• YOUR ASSIGNMENT
In the data below, begin at the line with "Zit krukje-bijzet stoel" and stop after the line with "Lumpkin SW, Georgia, map"; output those lines exactly and no pictures.

• RECORDS SUPPLIED
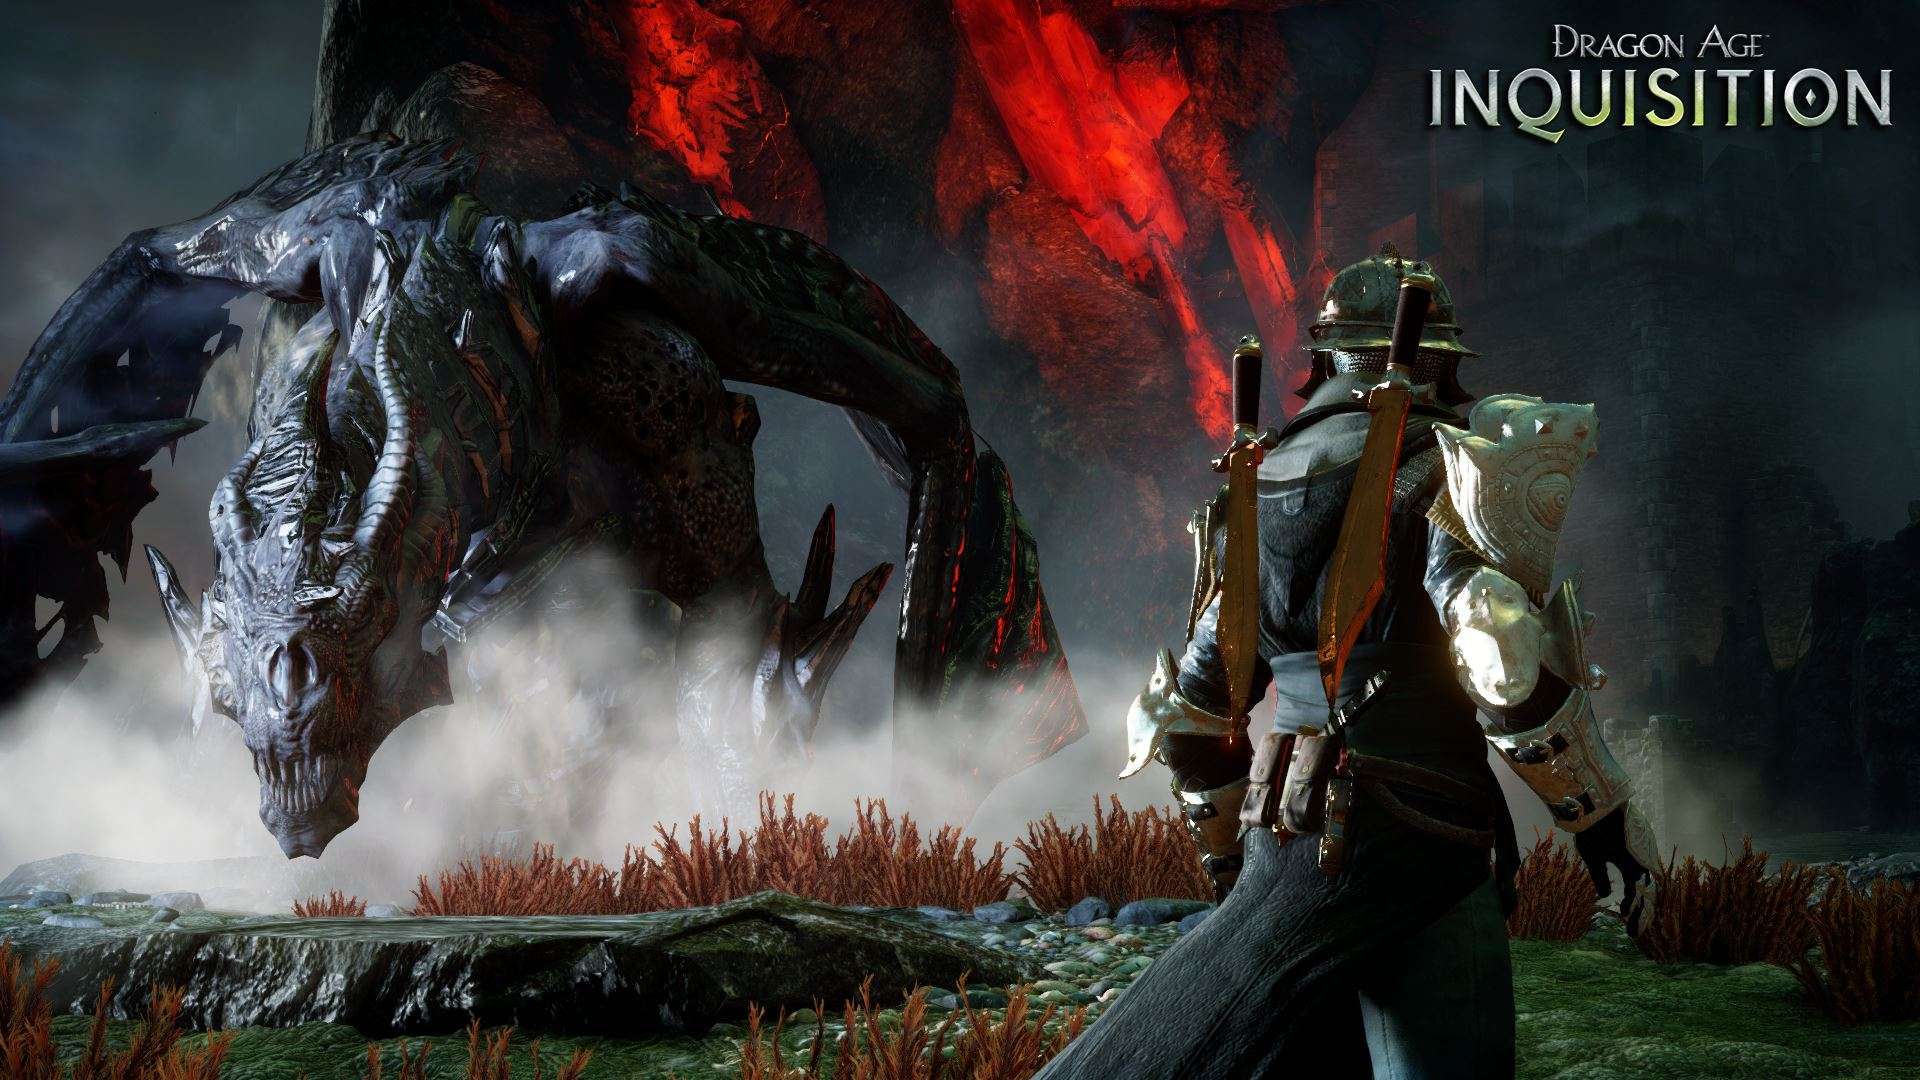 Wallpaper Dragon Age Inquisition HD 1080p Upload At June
...
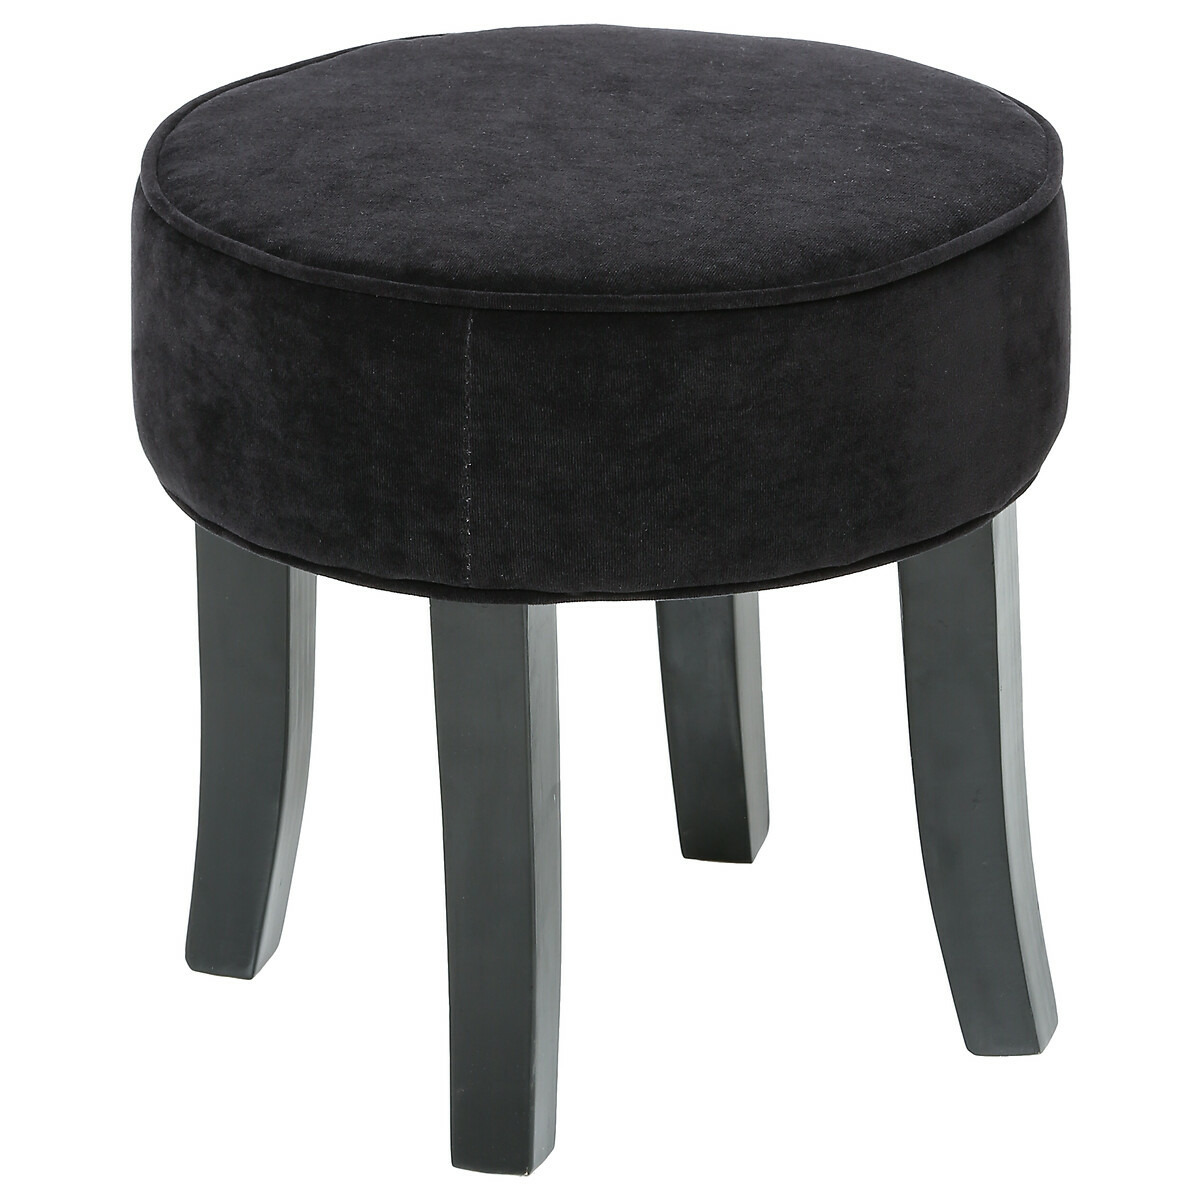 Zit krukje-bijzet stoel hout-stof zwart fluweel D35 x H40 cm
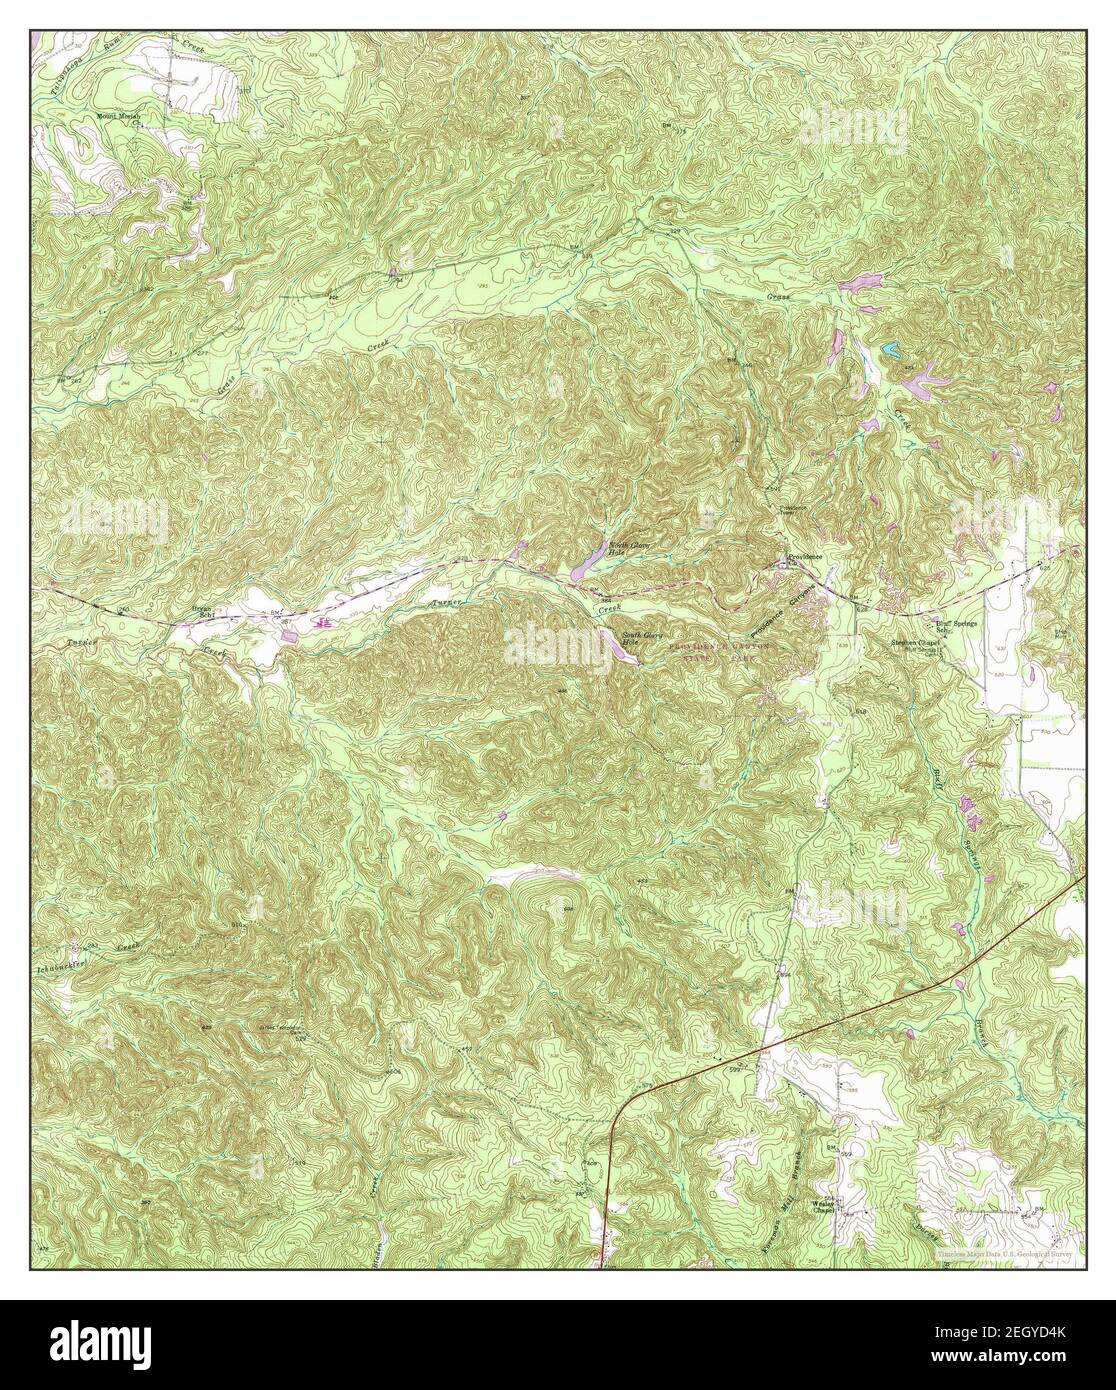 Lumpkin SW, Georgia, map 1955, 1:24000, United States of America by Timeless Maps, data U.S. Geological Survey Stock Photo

• THE ANSWER
 Zit krukje-bijzet stoel hout-stof zwart fluweel D35 x H40 cm
 Lumpkin SW, Georgia, map 1955, 1:24000, United States of America by Timeless Maps, data U.S. Geological Survey Stock Photo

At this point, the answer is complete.